Il y a cinq ans, le Sherbrookois devenait propriétaire de ce petit domaine en bordure du parc national du Mont-Orford et transformait sa grange en ruines en studio, où il nous accueille en s’allumant une cigarette. Il rentrait le jour d’avant de Lyon, afin d’amorcer une tournée du Québec, la première durant laquelle il reste assis derrière sa guitare presque toute la soirée, comme lorsqu’il jamme ici avec ses musiciens, une posture qui tranche avec son image de chanteur de variétés, qui l’insécurisait lui-même au départ.

PHOTO MARCO CAMPANOZZI, LA PRESSE

Garou

« C’est clair que la perception que plusieurs ont de moi, ce n’est pas la bonne.

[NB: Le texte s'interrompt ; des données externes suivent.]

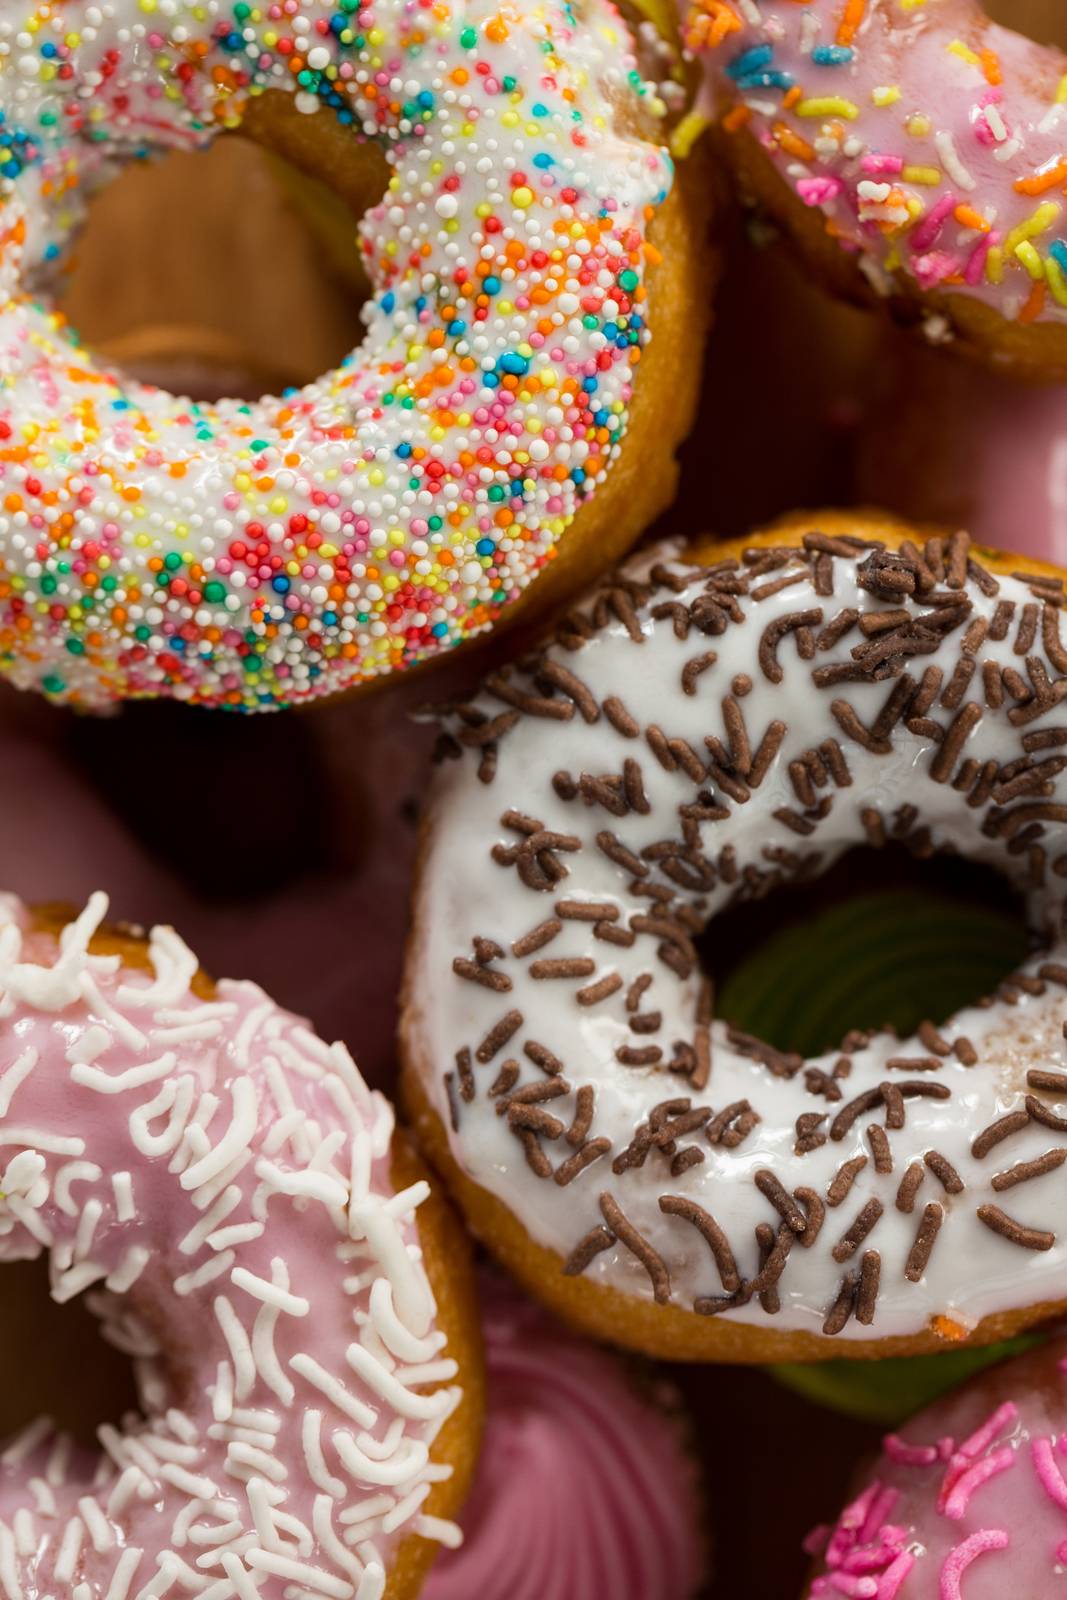 Leckere Donuts mit Streuseln - Lizenzfreies Foto - #D29268808 ...

Ce n’est pas la même en tout cas que celle qu’ont les gens qui viennent me voir en show depuis longtemps et qui savent que je pars dans plein de délires », souligne-t-il, sans amertume, sur le ton du simple constat.

J’ai toujours été un tripeux de musique, qui buzze à être avec ses musiciens. Tout ça m’est arrivé tellement vite. Avant Notre-Dame [de Paris], je ne voulais pas être chanteur, je ne voulais pas être connu. Je jouais dans les bars, je m’amusais comme un petit fou et je me disais qu’à un moment donné, je me trouverais une job qui a de l’allure.

Garou

« C’est comme si on m’avait sacré dans un hélicoptère et qu’on m’avait déposé en haut de la montagne. Là, ce que je fais, c’est que je redescends tranquillement. »

C’était au Pub 16

À 13 ans, au Séminaire de Sherbrooke, Garou se joint à Windows & Doors, un groupe dont le répertoire était essentiellement constitué de chansons des Beatles. « Sur l’heure du dîner, on allait vendre des billets aux filles du Mont Notre-Dame ou du collège Sacré-Cœur. » Il ajoute avec son sourire de bandit de grand chemin : « Il y a aussi des filles à qui on les donnait. »

Il cède à 19 ans à l’insistance de son amie Isabelle Bolduc, qui l’avait souvent entendu gratter sa sèche autour d’un feu, et l’accompagne dans un bar chansonnier de Sherbrooke, le Pub 16. L’accompagne… à reculons : le jeune homme était davantage fan de rock – il traînait surtout au Graffiti, défunt bar alternatif de la rue Wellington Sud à Sherbrooke – qu’un habitué des bars chansonniers.

Mais au cours de sa performance, le chansonnier Louis Alary, avec qui Isabelle était de mèche, invite Garou à le rejoindre sur scène. « Je ne me sentais pas bien, se souvient-il, mais j’ai commencé à jouer Layla et comme dans un film, la barmaid a appelé le patron en lui disant qu’il fallait qu’il vienne écouter ça. »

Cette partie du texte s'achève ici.